• _EXERCISE OBJECTIVE_:
Beginning with the line that contains "Lutheran Hymn: 459--Come, My", transcribe the rest of the listing below exactly, including its last line, and exclude any pictures.

• _SOURCE DATA_:
+++++
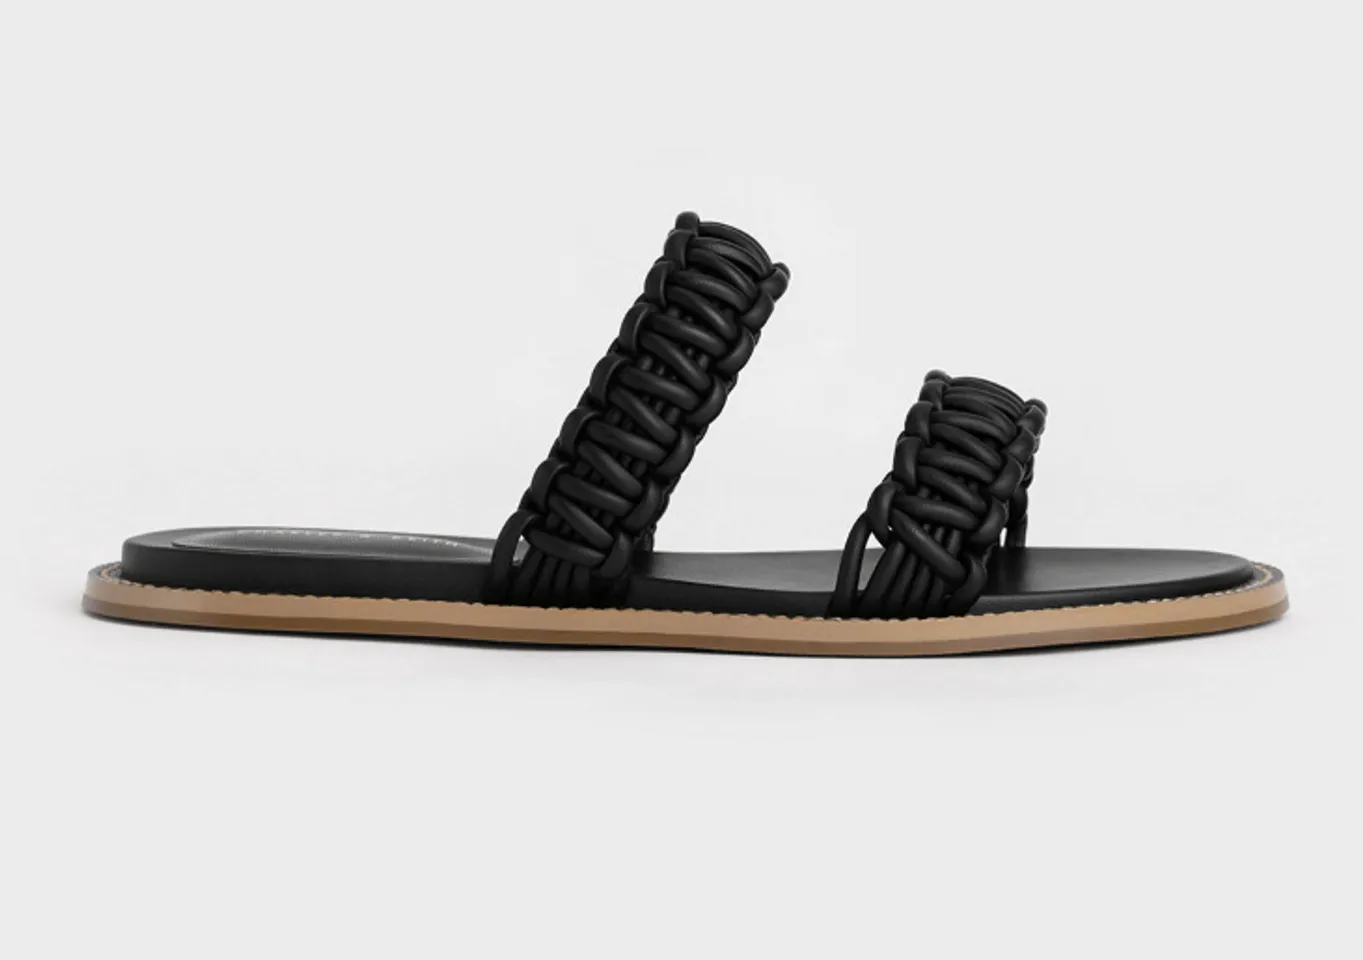 Dép sandals nữ Charles & Keith Braided Strap Slide Black CK1-70380949 màu đen, 35
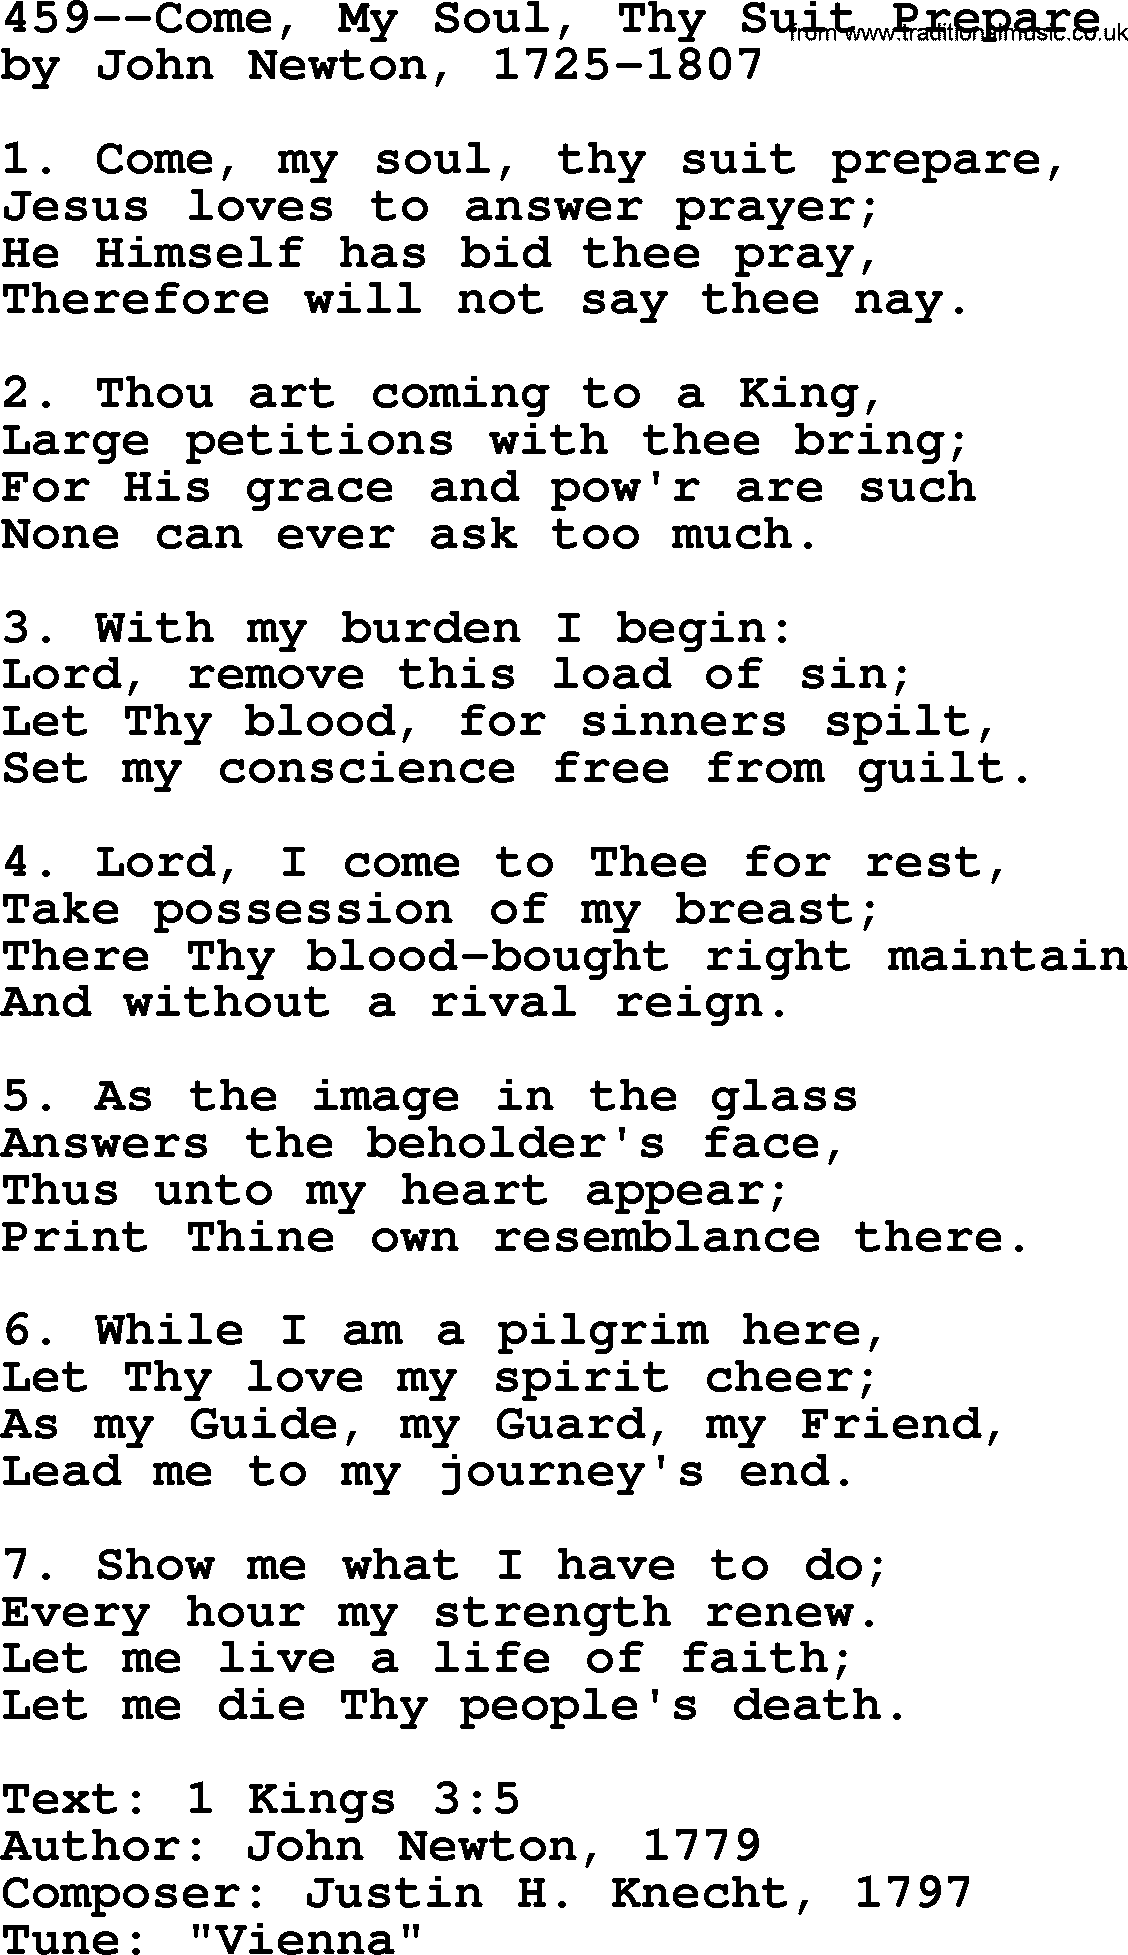 Lutheran Hymn: 459--Come, My Soul, Thy Suit Prepare.txt lyrics with PDF
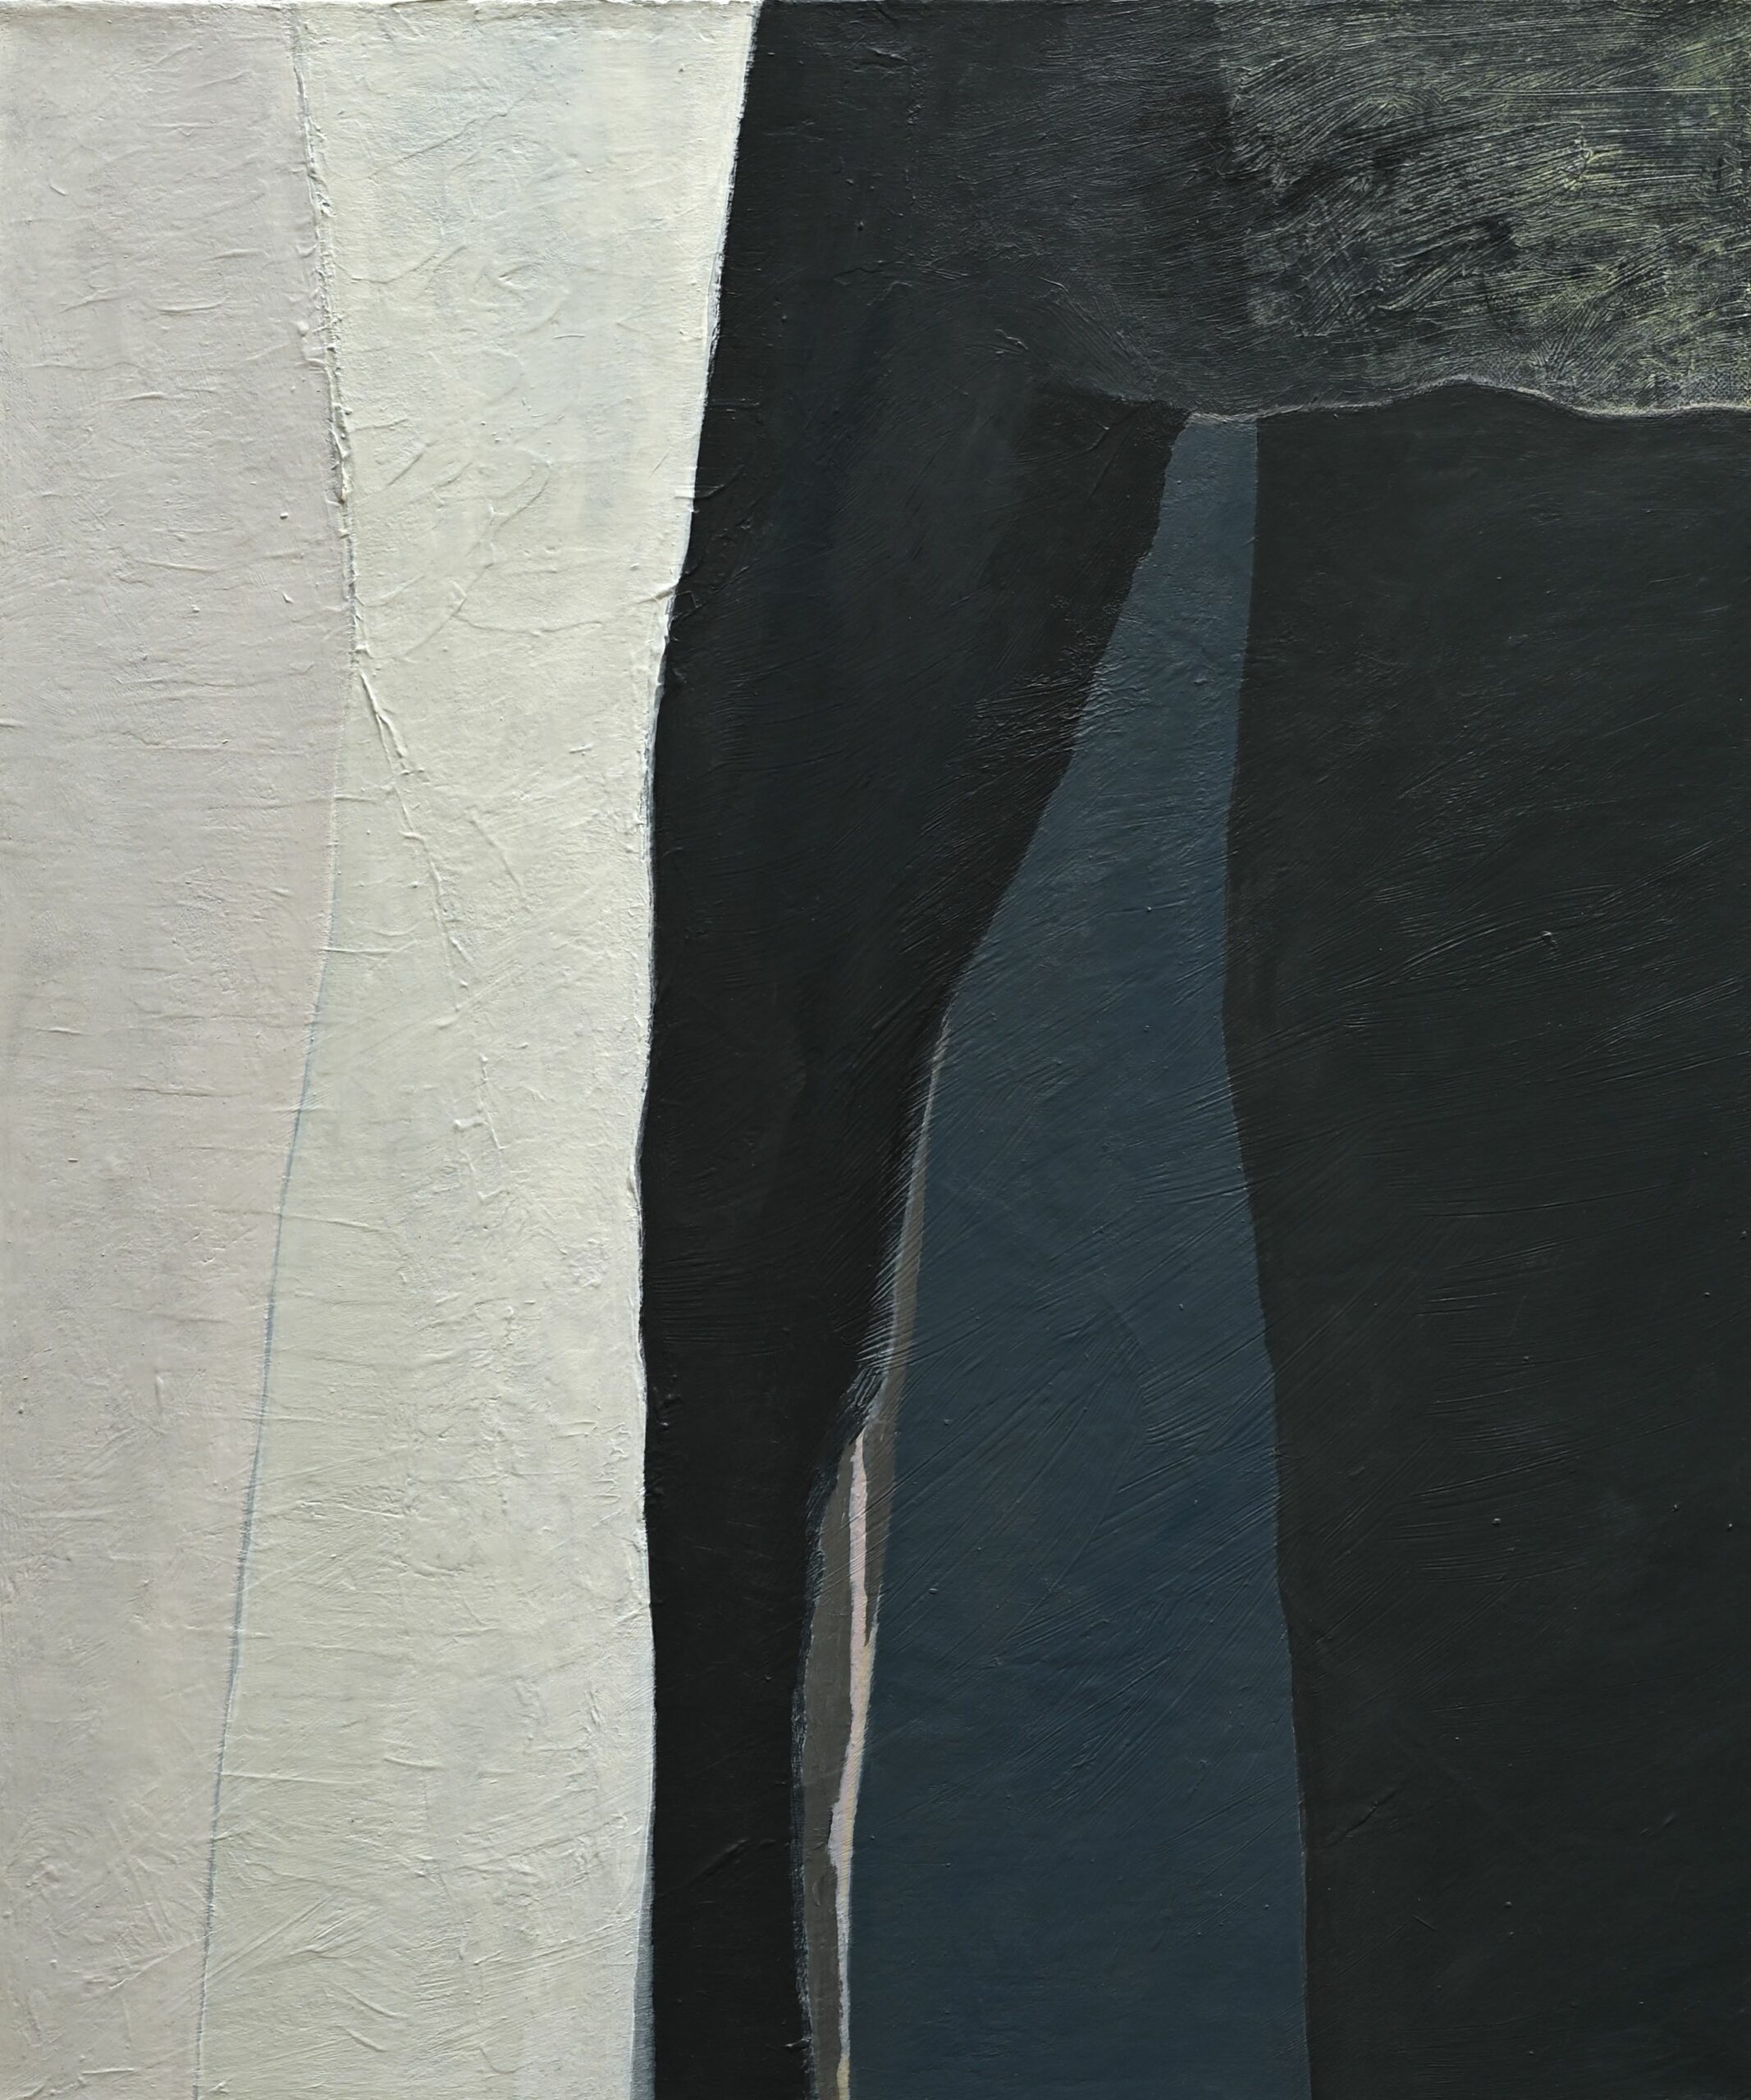 Black vs white,  2019, Acryl auf Leinwand, 50 x 60 cm
+++++
• _TASK OUTPUT_:
 Lutheran Hymn: 459--Come, My Soul, Thy Suit Prepare.txt lyrics with PDF
 Black vs white,  2019, Acryl auf Leinwand, 50 x 60 cm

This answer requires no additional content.